Exercise details
The expected result is an exact restatement of the data, free of pictures.

Raw data

== Segment start ==

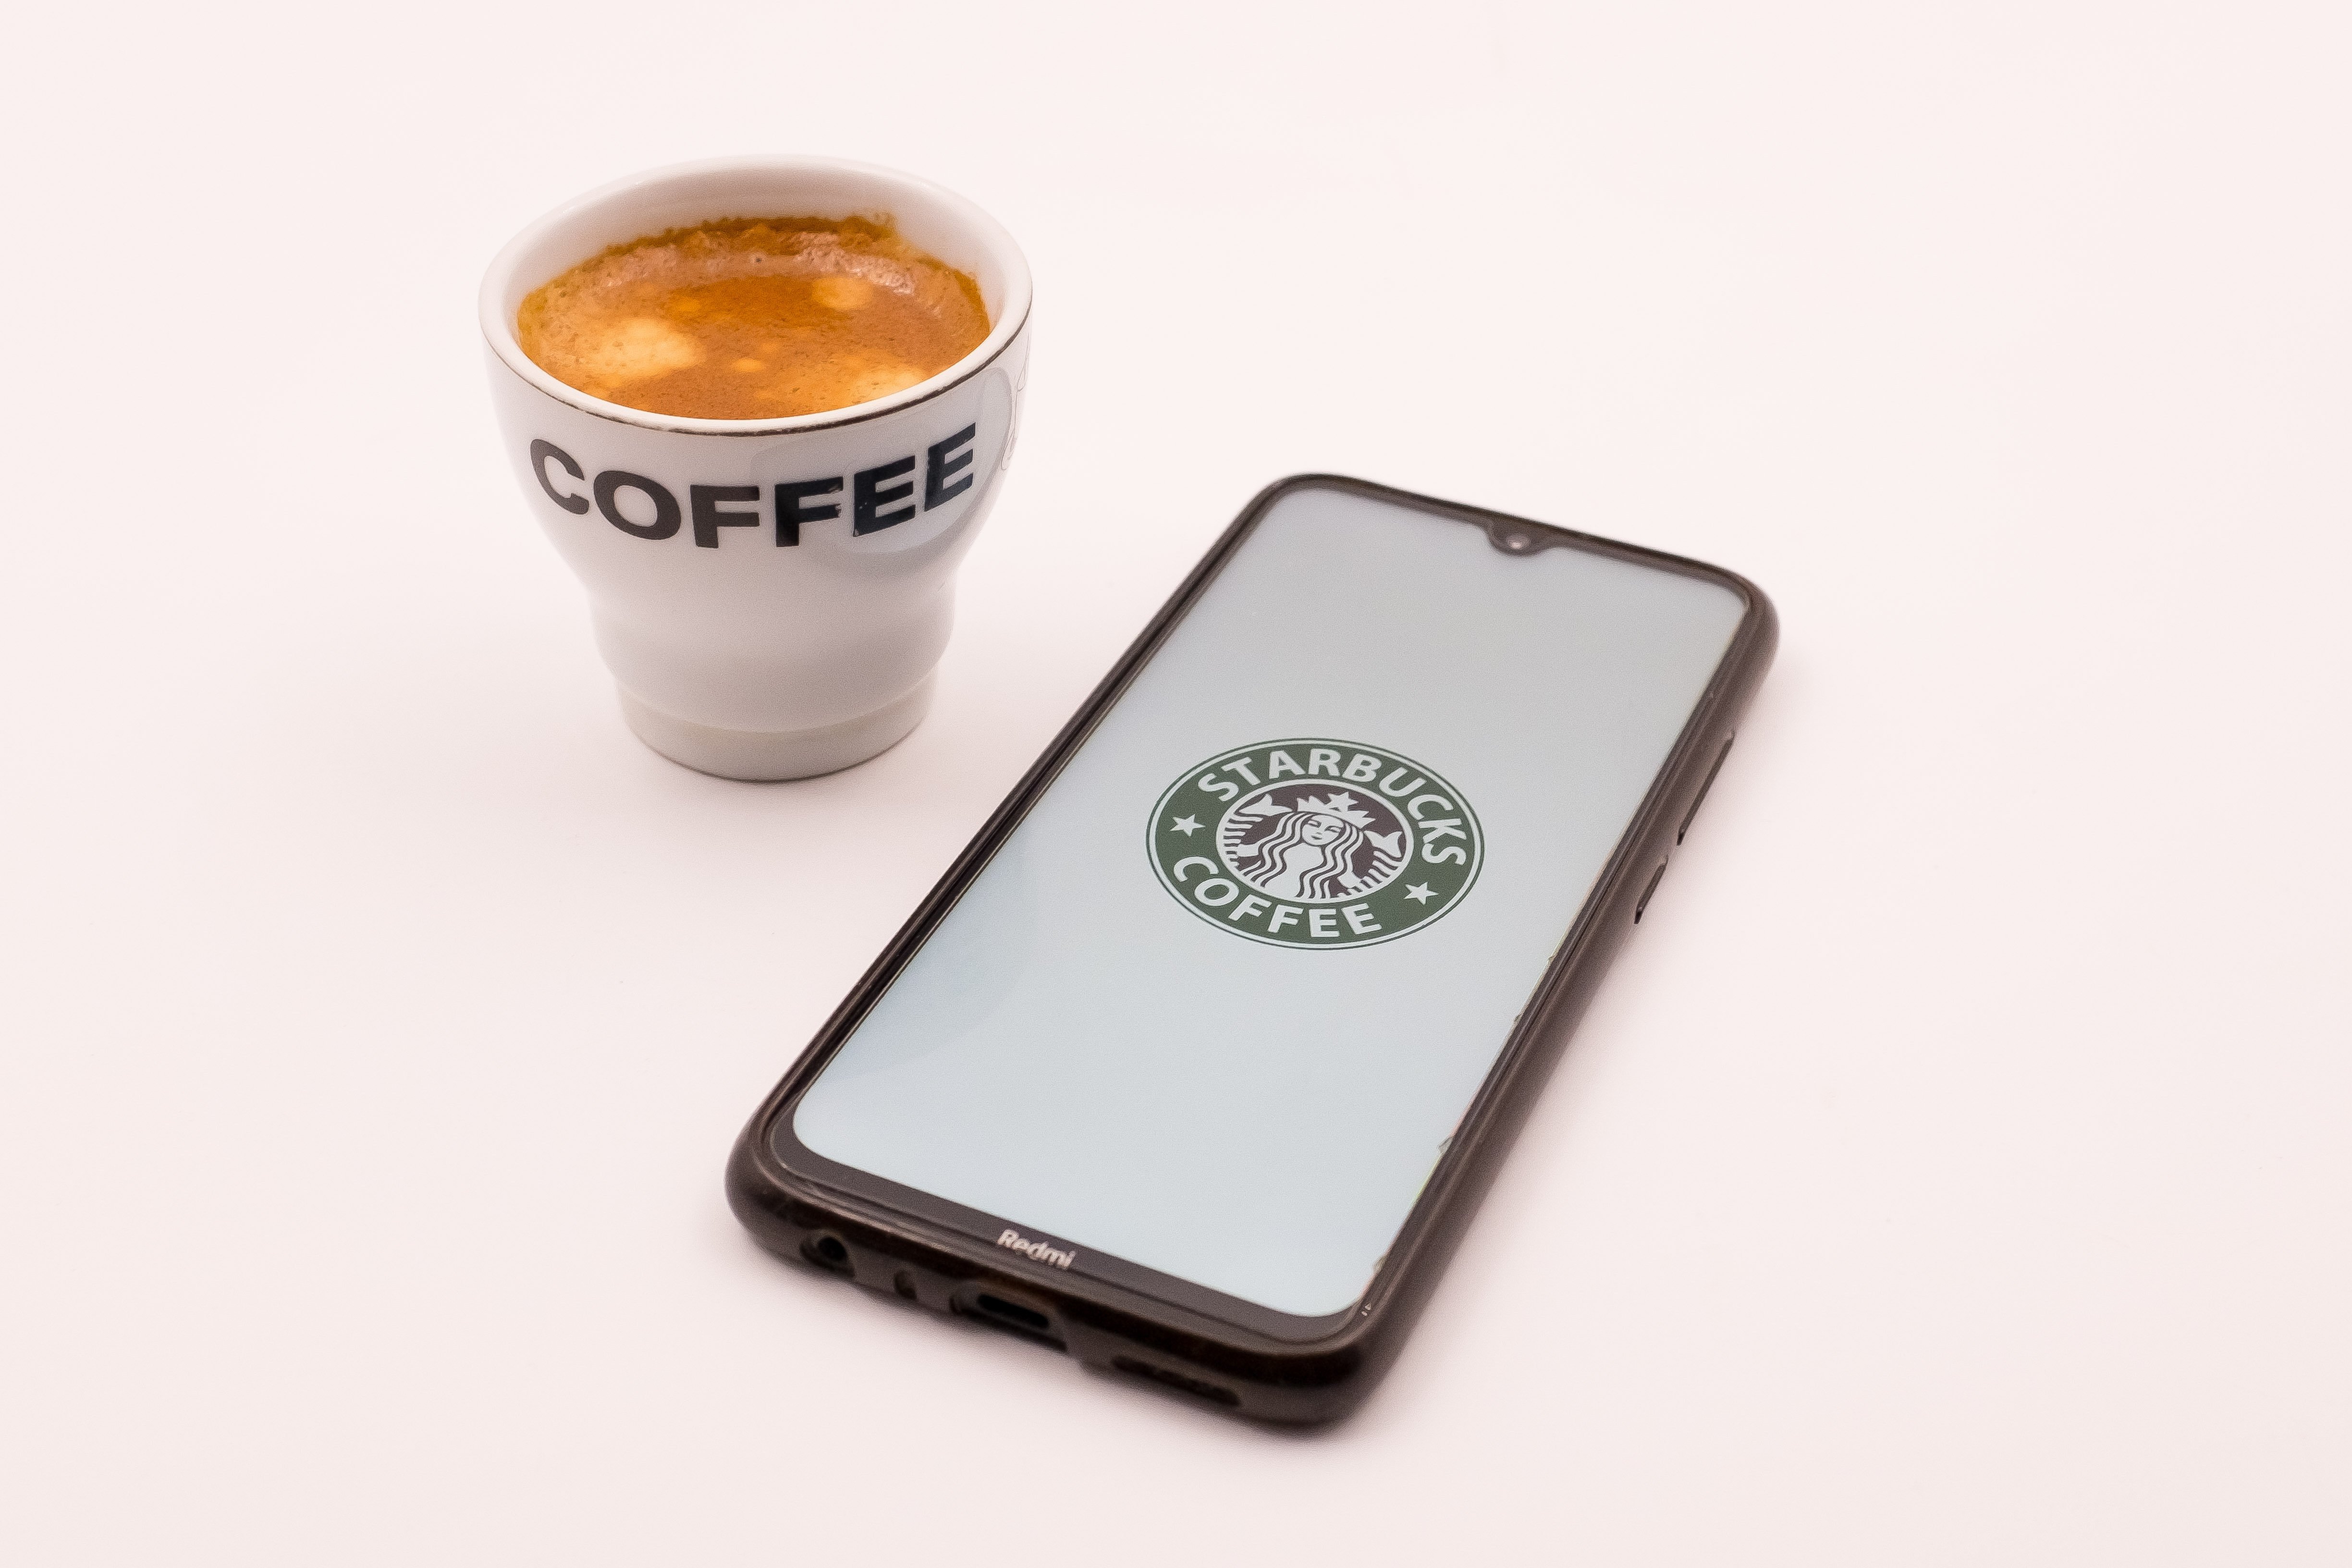 Starbucks logo on an iPhone next to a cup of coffee
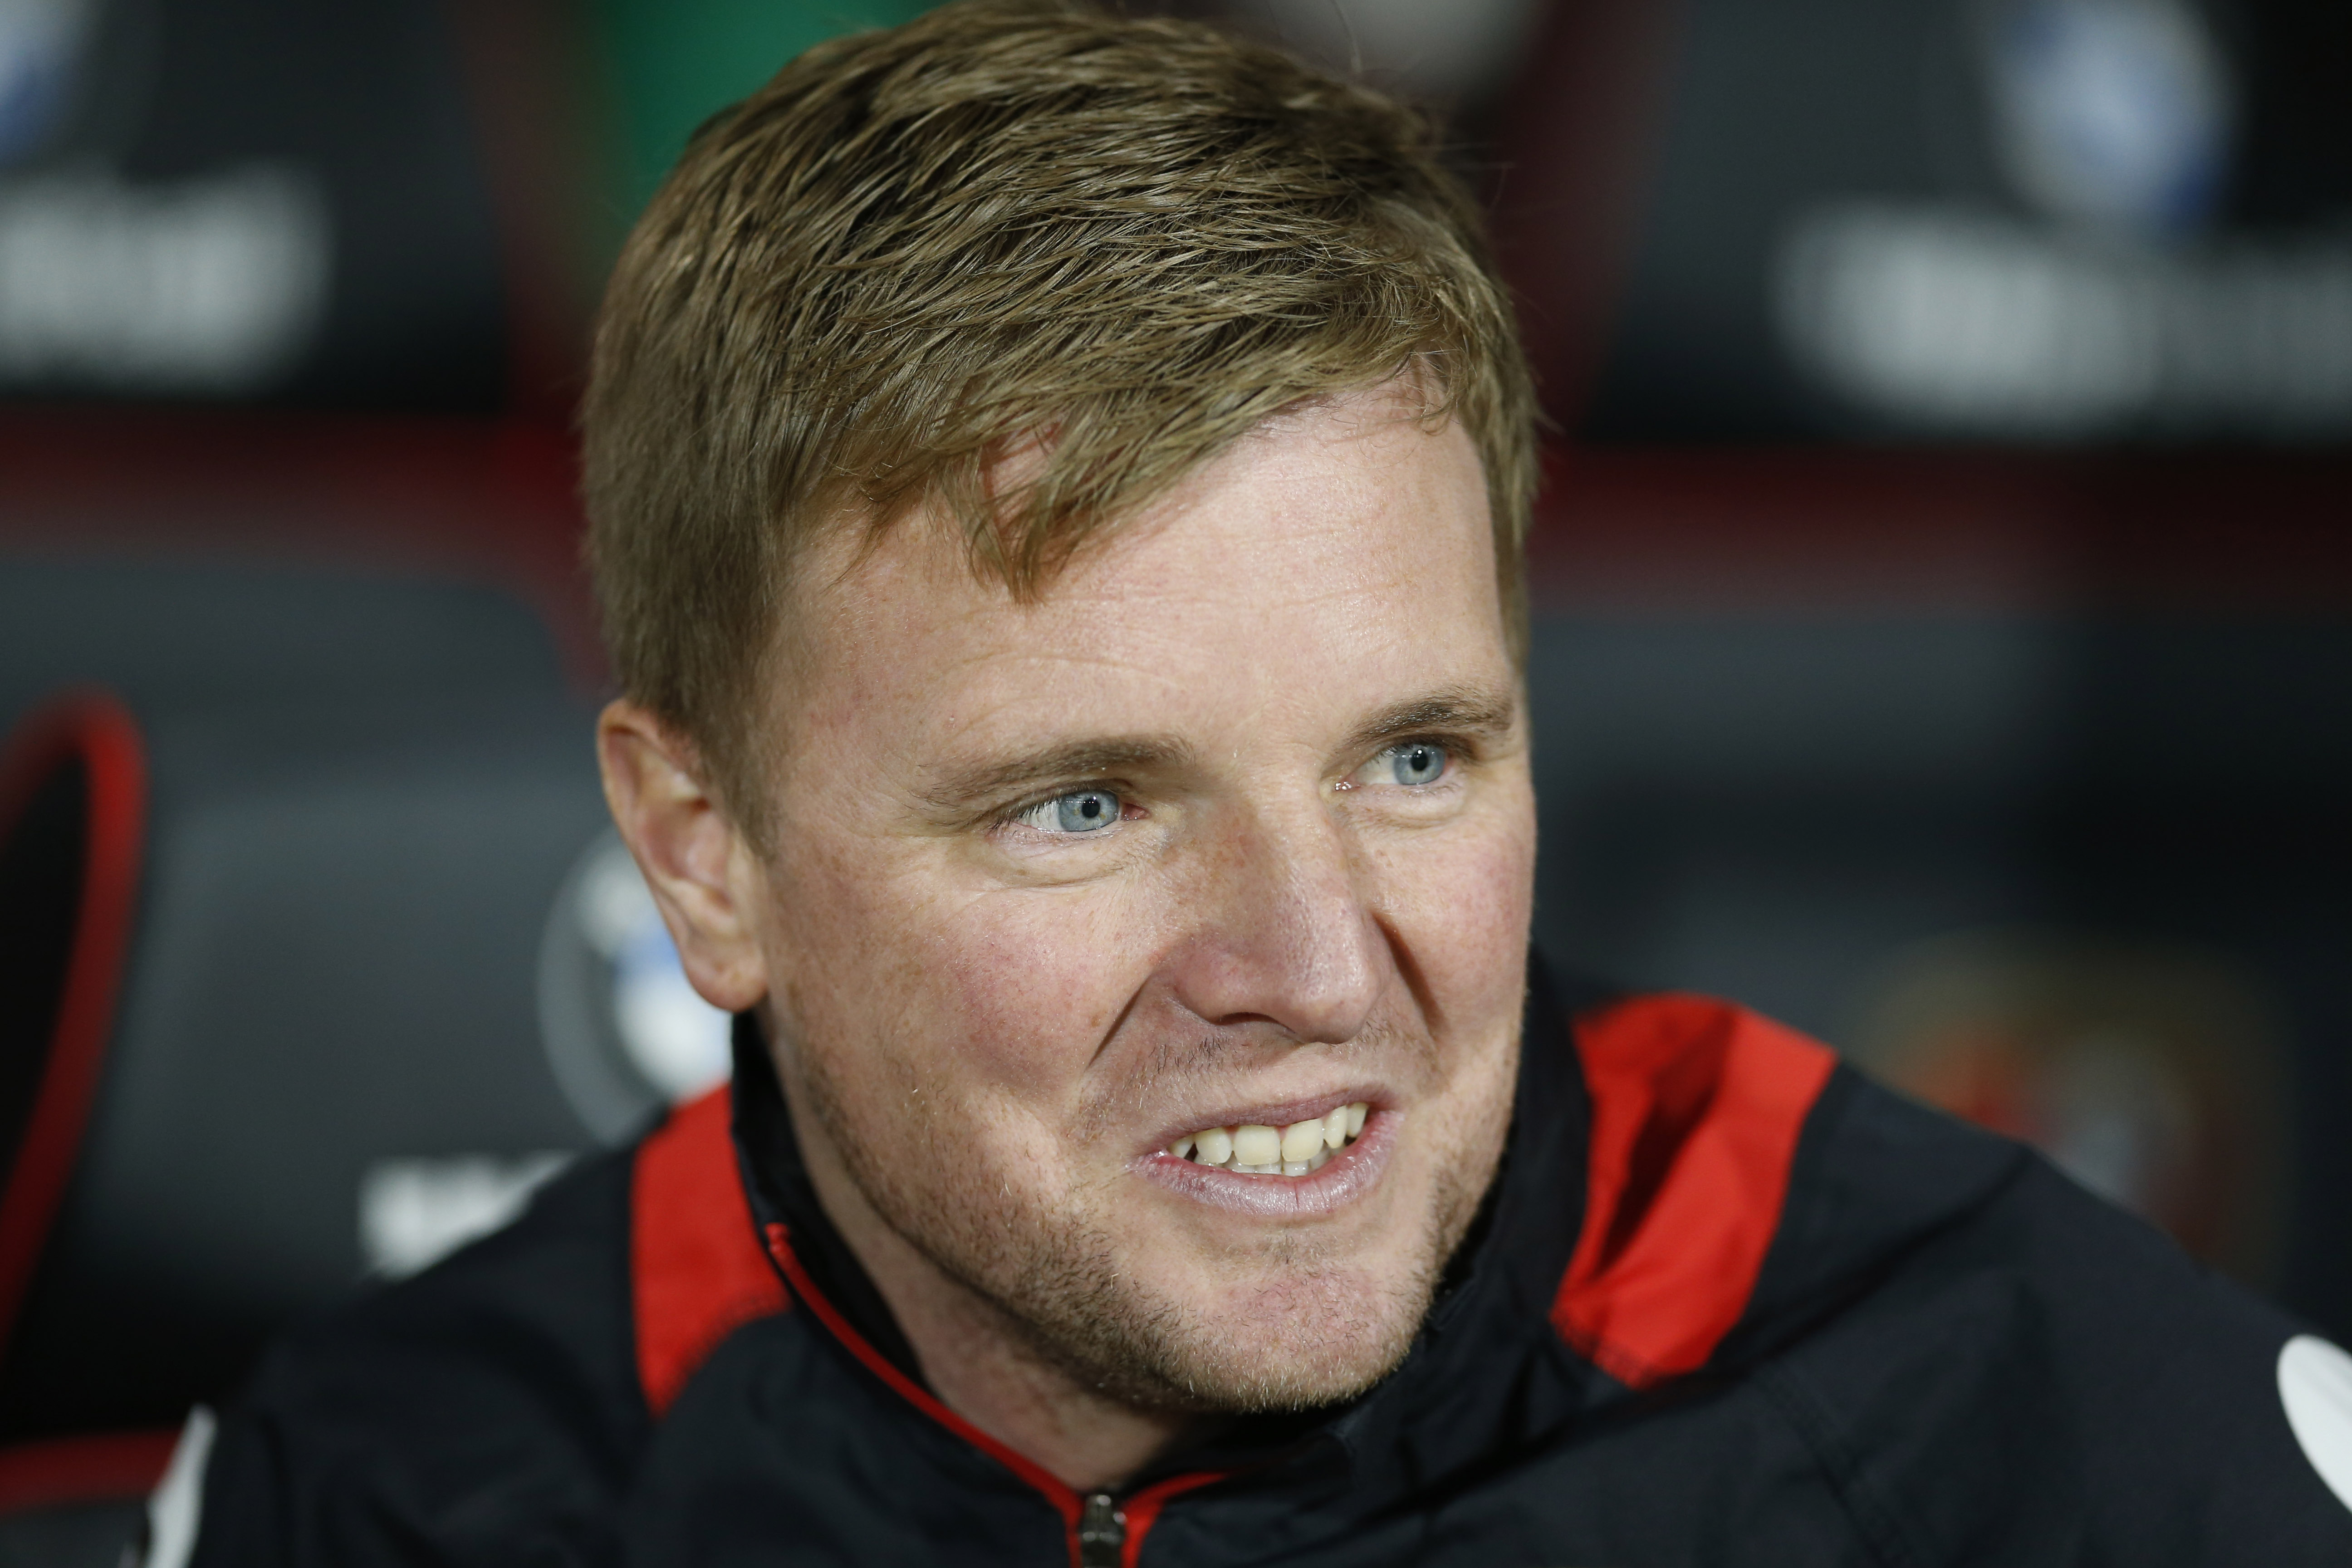 Football: Bournemouth fighting for Premier League lives, says Howe
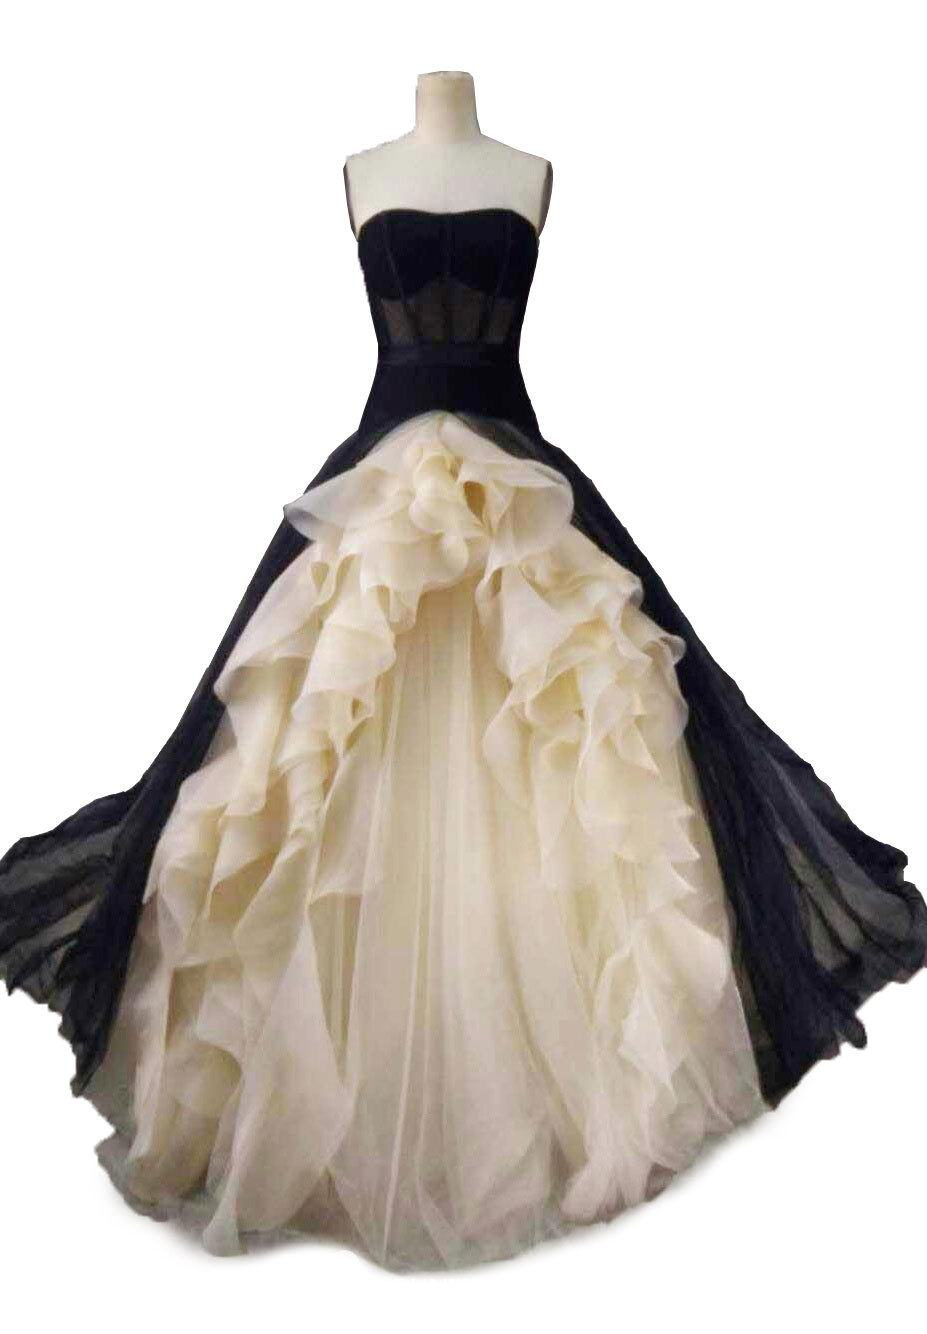 Rosyfancy Black And Ivory Strapless Bridal Wedding Gown With Organza Ruffles
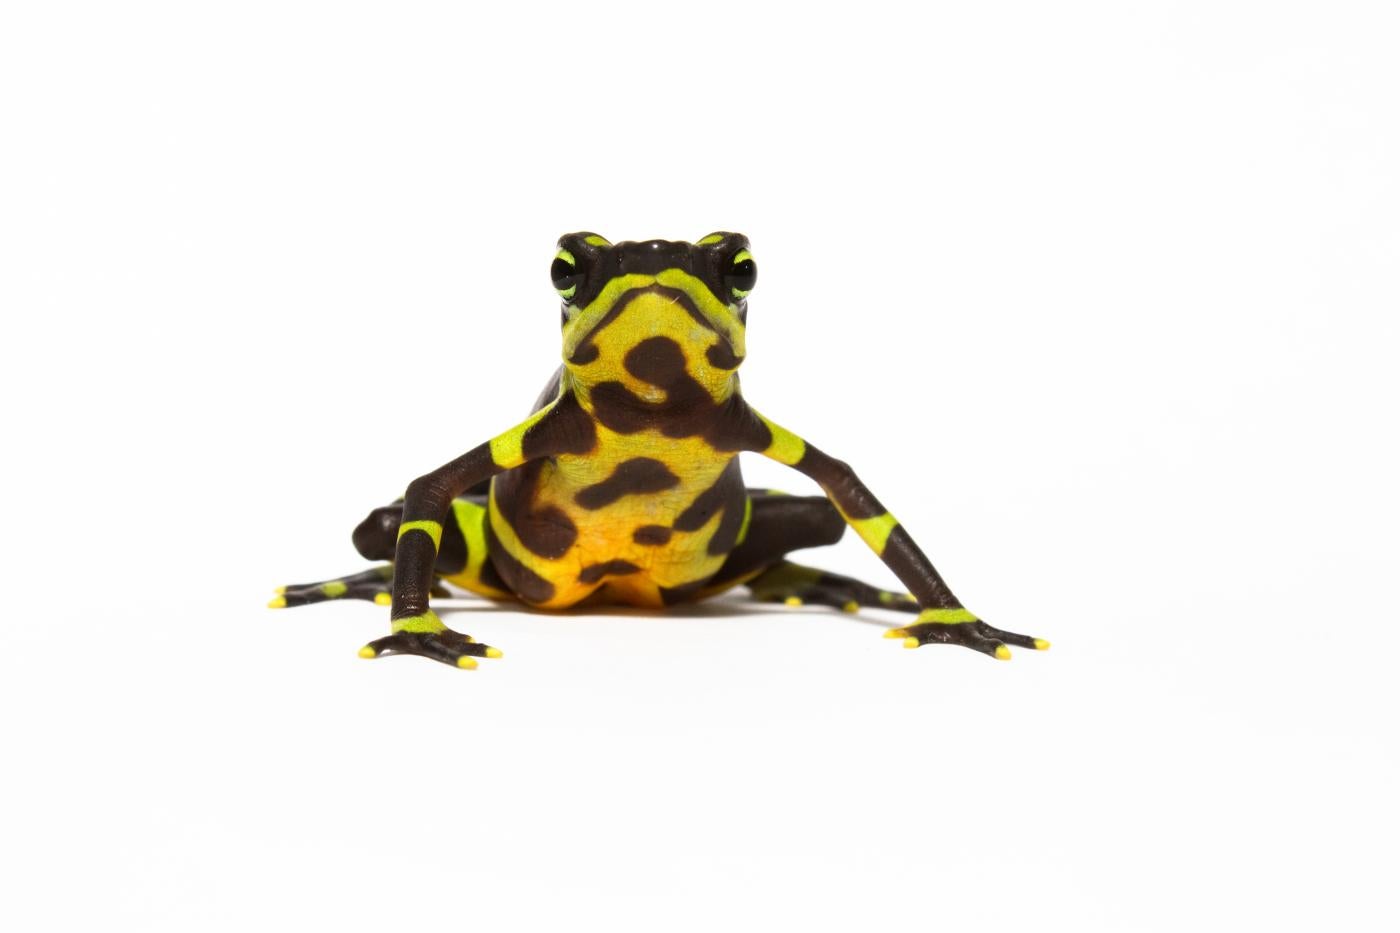 Limosa harlequin frogs (Atelopus limosus), which are native to Panama, are among the species most affected by the chytrid fungus.

== Segment end ==

Output for this exercise
 Starbucks logo on an iPhone next to a cup of coffee
 Football: Bournemouth fighting for Premier League lives, says Howe
 Rosyfancy Black And Ivory Strapless Bridal Wedding Gown With Organza Ruffles
 Limosa harlequin frogs (Atelopus limosus), which are native to Panama, are among the species most affected by the chytrid fungus.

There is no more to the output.